As TTAC’s Hammer Time’s Steve Lang will tell you, there’s plenty of old iron out there. And LOTS of repos to come. Hundreds of thousands of them. Despite this supply, or because of it, there are some freakanomics in play. Even in this downturn, demand is seasonal. The rental fleets are certainly holding onto their cars longer and order less. But there is little chance of a sustained new car recovery until house prices recover. But let’s not let the facts get in the way of pro-car biz prognosticating.
“There is a very, very interesting inflection point where the financing on a new car becomes more attractive than the financing on a used car,” said Scott Painter, owner and founder of TrueCar.com.

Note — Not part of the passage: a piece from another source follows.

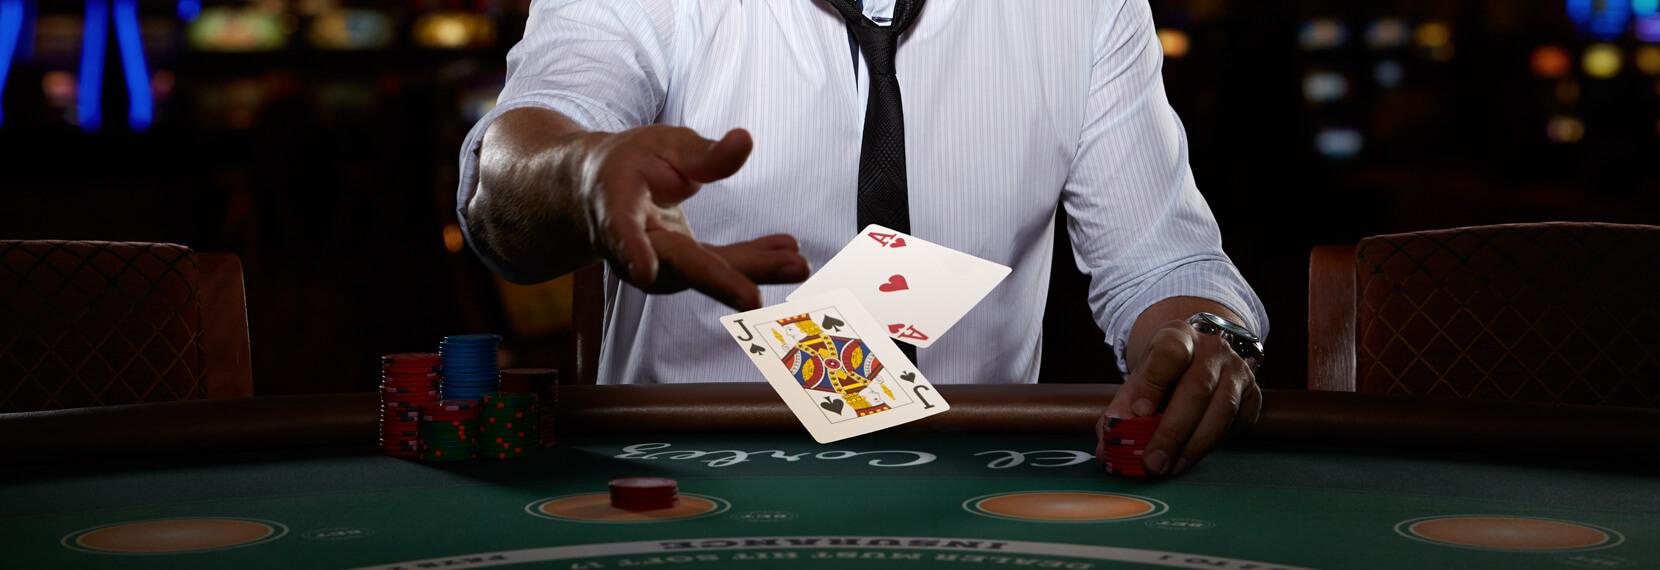 Le jeu de casino que j'aime le plus

True enough. However, to reach that point, manufacturers would have to dump their new inventory on the market at insane prices. (50 percent off C11 sales?) Of course, if people trade-in their old cars to buy these new cars, the used car supply will increase, which will drive down used car prices and make them more affordable. Making it harder to sell new cars. See how that works?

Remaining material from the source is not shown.